I. Introduction:
The PASSIM cigarette rolling mill is a high-speed cigarette coiling machine developed by the British company MOLINS in the early 1990s. It is available in various models based on its rated production speed, including 70K, 80K, 100K, and 120K. Since its commissioning, the mill has operated stably with a high utilization rate, and has consistently been one of the main models used in cigarette factories. However, the electrical system of this mill still exhibits several shortcomings:
1. The unit's electrical system has a complex single-board computer and VME bus system structure, which makes maintenance and diagnosis difficult. The electrical components overheat and are prone to damage.
2. The S5 series PLC used in the unit has been completely discontinued, and the supply of spare parts is becoming increasingly difficult.
3. Magnetic powder clutches used for splicing paper rolls and tipping paper have short service life and are expensive.
4. The electric adjustable friction reducer of the wire feeding system causes uneven wire feeding due to wear of the friction plates.
5. The phase adjustment device for the splitting blade has a complex structure, is difficult to maintain and adjust, and has an unsuitable tightening position.
6. Early versions of the PASSIM-70k tipping paper feed roller motor and high-flow drive motor both used DC motor systems. DC motor systems have a short lifespan and are expensive.
II. In response to the above shortcomings, we propose a completely new electrical system solution.
1. The system uses S7-400 and S7-300 series PLCs as the core components of the logic function control system. The CPU of this PLC system has a medium to large program storage capacity, and its PROFIBUS interface allows for the establishment of a distributed automation system structure. It features high speed and ease of processing. The master station consists of one S7-400 unit installed in the main electrical cabinet. Independent substations composed of S7-300 units can be established on the material handling machine, cigarette rolling machine, and assembly machine. The use of a DP bus structure simplifies the entire system and provides strong anti-interference capabilities. The system uses FM 355S closed-loop control modules or analog input/output modules to control the heating elements of the unit. PT100 platinum resistance thermometers are used for temperature signal acquisition. Temperature control of each heater is achieved through PID algorithms or self-optimizing temperature control algorithms. Temperature parameters can be set and modified via an industrial computer touchscreen, and temperature values and alarm status are displayed in real time.
2. The unit uses a Siemens PC670 touch screen industrial computer for status monitoring and real-time data acquisition and processing. The main aspects include:
a. Status Display: Status display includes operating status such as machine high speed, machine low speed, cigarette density detection, cigarette quality detection, etc.
b. Safety Interlocks. Safety interlocks include various protective cover switches. When a protective cover is opened, the display screen will show the corresponding safety interlock information, the operating machine will stop running, and the power supply to the relevant actuators will be cut off to ensure the safety of operators and the unit.

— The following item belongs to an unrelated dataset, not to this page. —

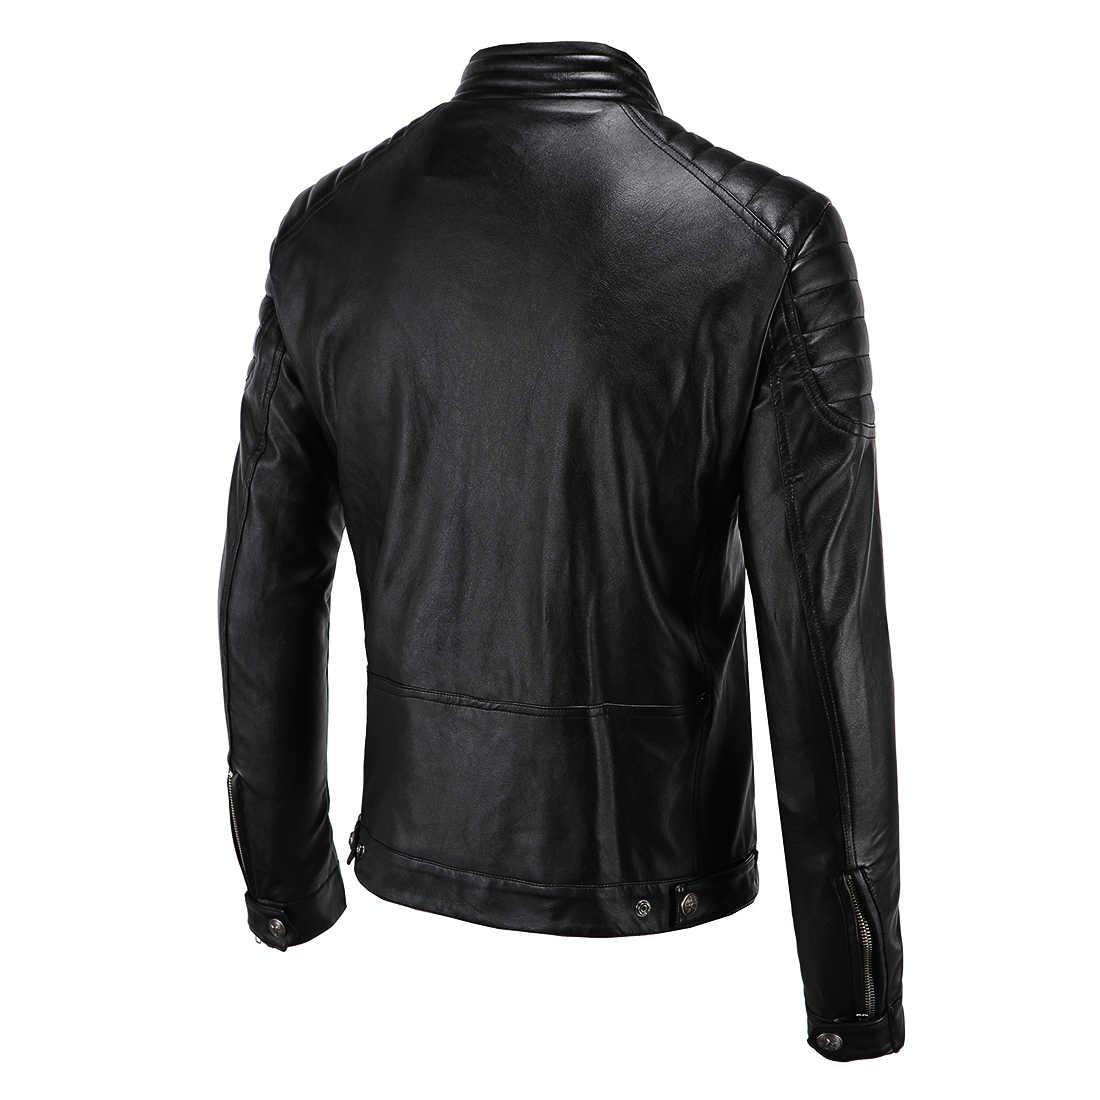 фото дизайн куртки кожа ткань мужская эту аппликацию фотографию

c. Operating Conditions Operating conditions include motor protection switches, auxiliary device switches, etc. When these switches are in their normal positions, the display screen will show a machine-ready message and allow the unit to operate.
d. Data shows that the data includes machine operating speed, heater temperature,
e. Production Reports: Production reports include team information, finished product output, effective operating rate, production time, etc.

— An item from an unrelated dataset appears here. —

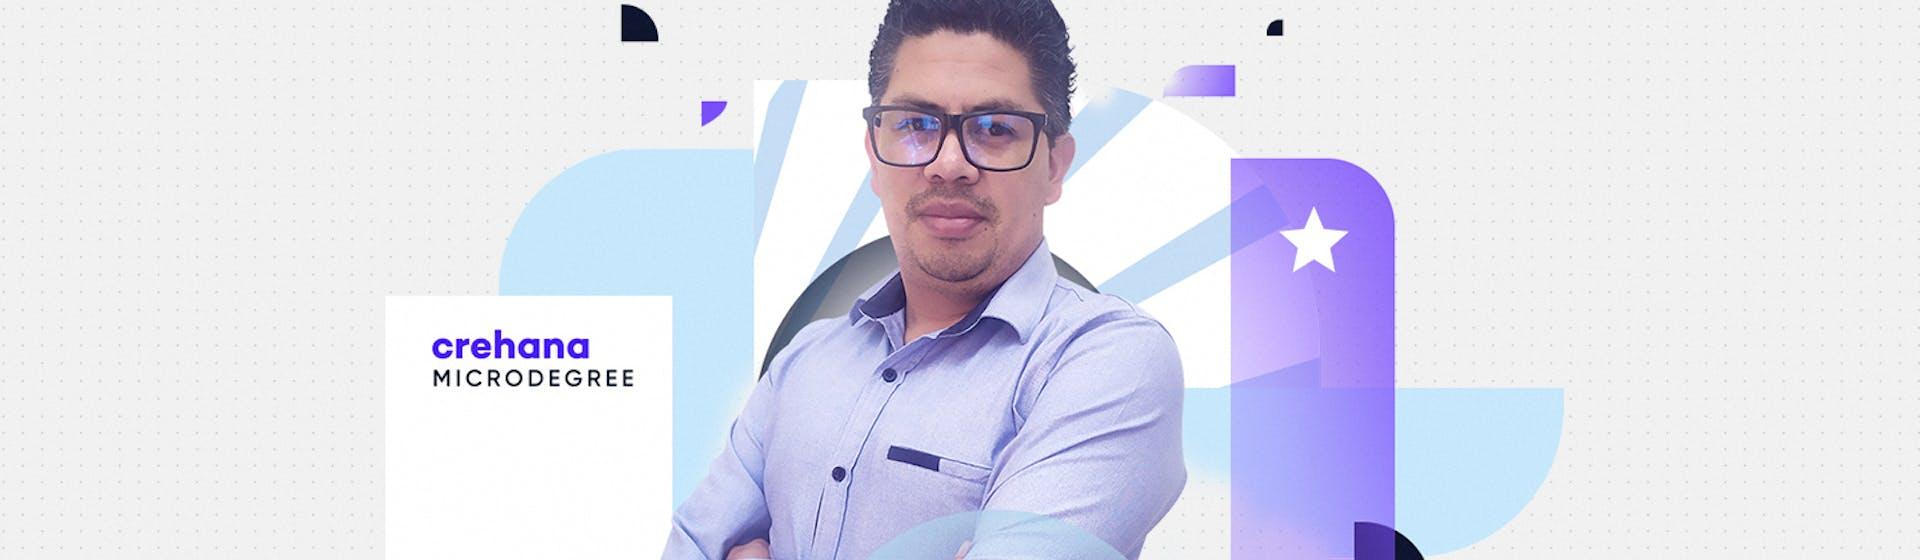 Jhony Villacis, un apasionado por el aprendizaje que potenció su emprendimiento y consiguió el cargo de sus sueños

f. Fault Reports: Fault reports display information such as the time of occurrence of various fault states that cause unit shutdown and the duration of downtime.

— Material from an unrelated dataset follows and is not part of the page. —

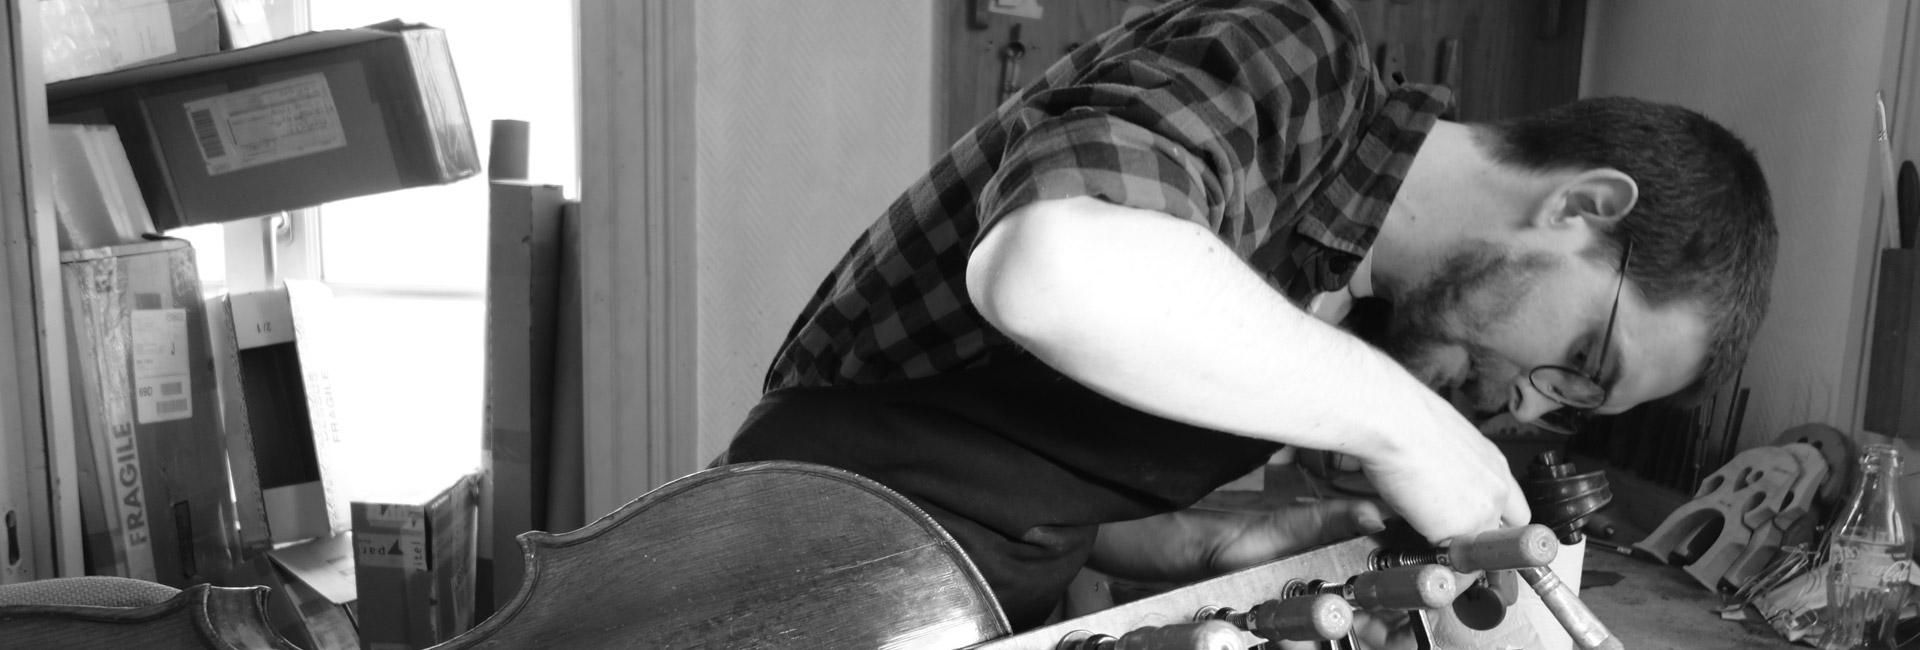 réparation de violon par un luthier de Lyon

3. Servo control technology is applied, using servo control units and servo motors to independently drive the two tobacco rollers, air chamber, and splitting blade on the feeder. A rotary encoder is used to synchronously track the main drive shaft, and this signal controls each servo unit. A German LENZE servo controller drives the AC servo motor. An incremental encoder mounted on the running paper disc transmission mechanism collects the real-time speed of the running paper disc, and based on the ramp voltage signal from the unit's PLC, the spare paper disc is gradually accelerated to achieve the same linear speed as the running paper disc to complete the overlapping action.
The schematic diagram of the modification is as follows:
The original DC speed control system of the machine was upgraded by using a variable frequency drive (VFD) and a three-phase AC asynchronous motor. The operation control of the VFD is implemented by a PLC program.
4. The cigarette tobacco density control and quality inspection system uses a new TI C32 series DSP microprocessor unit as the control core and is connected to the DP network using a Siemens SPC3DP communication chip. In addition to retaining all the functions of the original machine, it also adds the function of detecting and rejecting cigarettes with excessive tobacco density variation coefficient and the function of detecting and rejecting double-layer joints of paper rolls and tipping paper.